O maior e mais famoso Campo de Concentração de todos foi Auschwitz. A morte industrializada, mecanizada. Os sobreviventes ficaram severamente marcados para o resto de suas vidas, e os que morreram foi da forma menos humana possível.  Câmaras de gás, crematórios e valas coletivos, celas de inanição e para se ficar em pé. As joy divisions.

Existiu, porém, um outro campo de extermínio que foi quase tão cruel quanto este, mas que costuma ser ignorado. É o campo de Jasenovac, na Croácia. Lá, a Ustaša – o estado fascista Croata que existiu durante a Segunda Guerra Mundial e foi aliado dos nacional-socialistas alemães- deu cabo de  milhares de sérvios, judeus, ciganos e croatas dissidentes.

À exemplo de Auschwitz, no maior campo de concentração da Iugoslávia, a morte foi mecanizada: cremações e câmeras de gás Zyklon B eram utilizadas. Mas parece que a preferência era por técnicas mais pessoais, ferramentas cortantes e impactantes- pás, foices, canos- eram grandes favoritos. O degolamento era especialmente valorizado- existia até uma faca especial, para a qual os Ustaša davam de ‘srbosjek’, cuja tradução é ‘cortadora de sérvios’.

Apesar de existirem alguns livros sobre isso, não são muitos. É natural que não existam muitos testemunhos diretos- fontes citam algo entre um quinhetos mil à um milhão de  prisioneiros, dos quais apenas 87 sobreviveram.
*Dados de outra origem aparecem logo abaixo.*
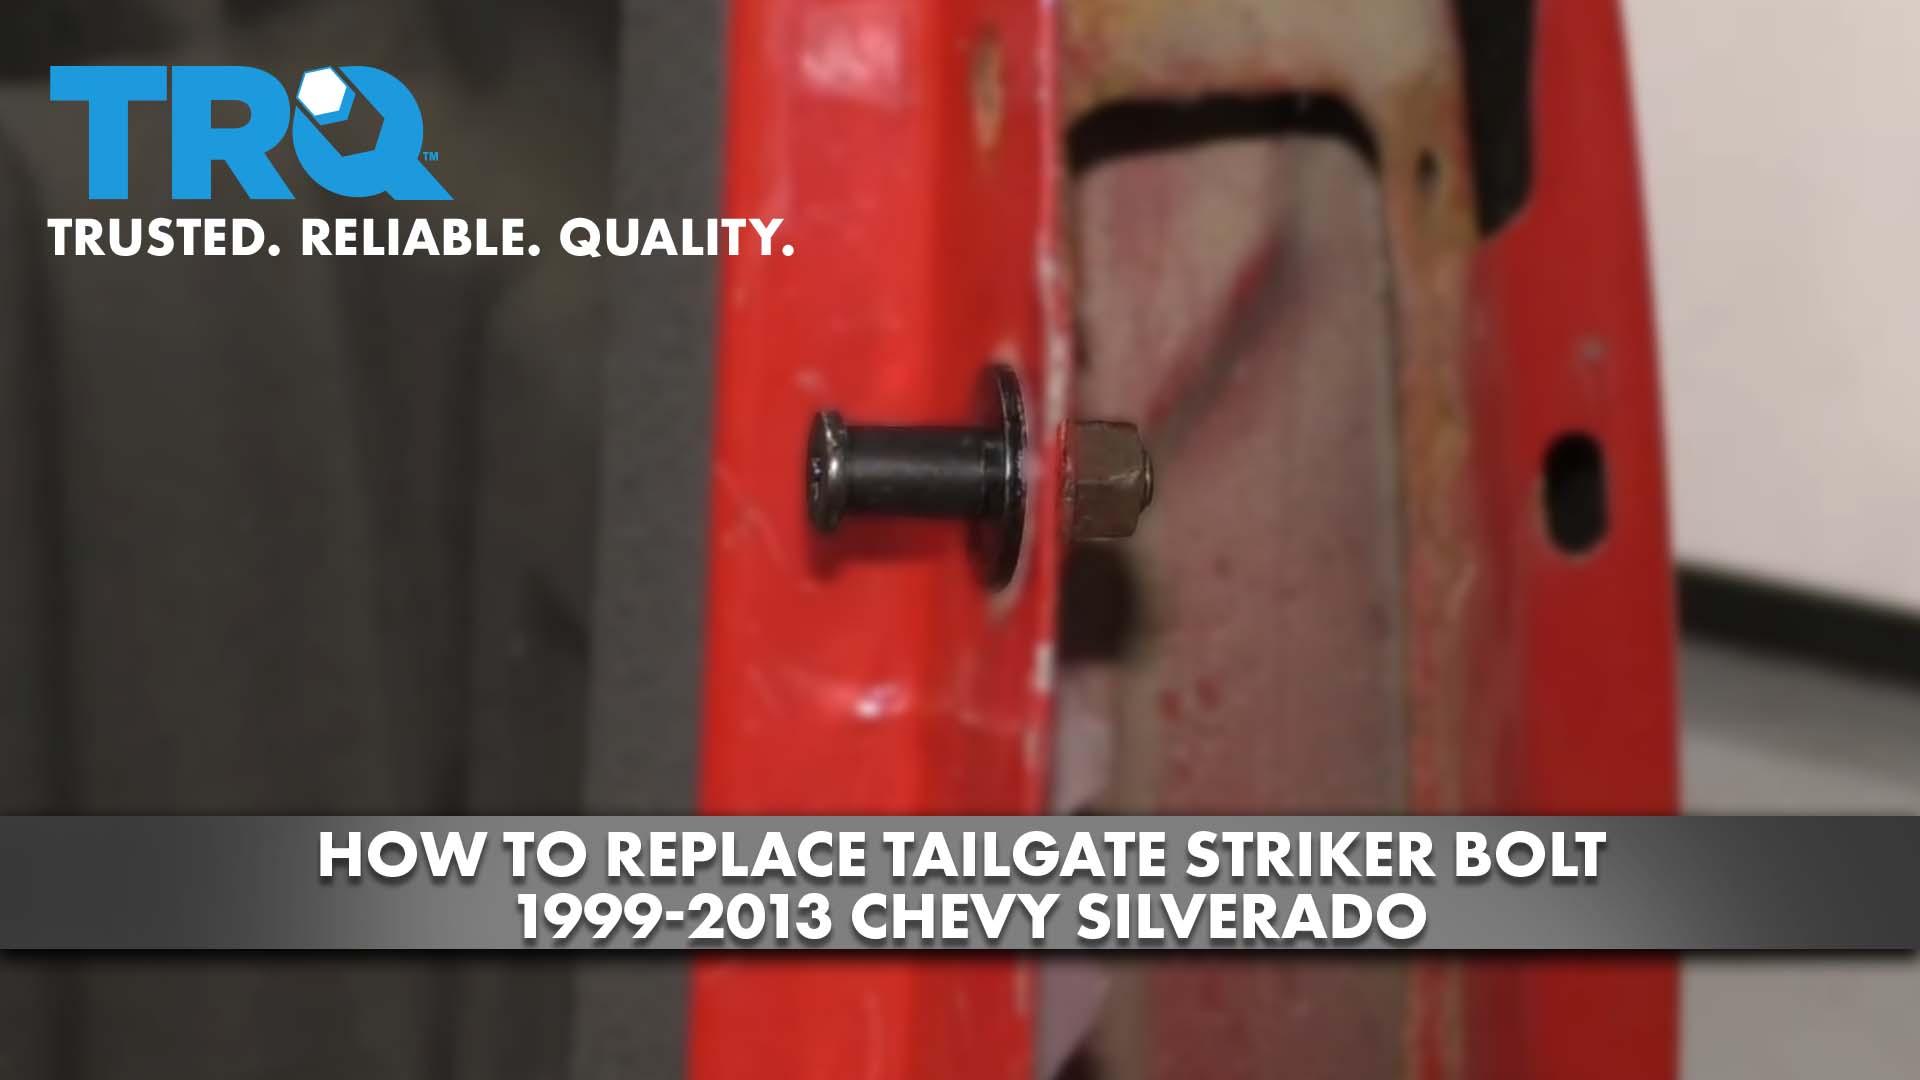 How to Replace Tailgate Striker Bolt 1999-13 Chevy Silverado

Os poucos que quiseram falar tiveram seus relatos reunidos em um único livro, publicado apenas em 1991, nos EUA- pelo menos os que viveram até 1991. Fora isso existem alguns contos e peças de teatro que tratam o tema. Mas todos- até onde eu sei- são de escritores sérvios e que não costumam ser lidos fora da Sérvia.

Pesquisei bastante a respeito,  e não descobri nenhum escritor croata que chegue sequer a fazer menção ao fato- exceto ao citá-lo como propaganda anti-croata. É certo que durante os anos da Iugoslávia o esquecimento foi alimentado- era uma forma de se evitar que os nacionalismos e ressentimentos étnicos aflorassem, o que destruiria a frágil unidade do país (que, aliás, só se manteve graças às políticas de Tito, indo por água assim que ele morreu), mas existiu uma prolífica comunidade exilada em países como Argentina, EUA e Espanha.

Parece sempre existir, da parte dos literatos, uma relutância em colocar-se no lado dos ‘vilões’- incentivada ou não pelo Estado,  a literatura parece sempre buscar esquecer os erros do passado. O único livro que conheço que utiliza o ponto de vista de um oficial nazista é As Benevolentes, do franco-americano Jonathan Littel.   A única exceção de que me lembro é Günter Grass: ele admitiu ter sido membro das SS- o que lhe valeu a cabeça na mídia alemã. E, certamente, lhe custou leitores.

Aliás, não seria esse o problema? Esses livros não existem porque as pessoas se recusam a lê-los? Se um croata escrevesse sobre Jasenovac, não seria desprezado por seus compatriotas como um traidor? Os sérvios, por sua vez, talvez no máximo o considerassem um bom homem por admitir os pecados de seu país, mas o deixariam de lado, pois ele pertence ao inimigo? Sem ser lido em sua língua, dificilmente seria traduzido.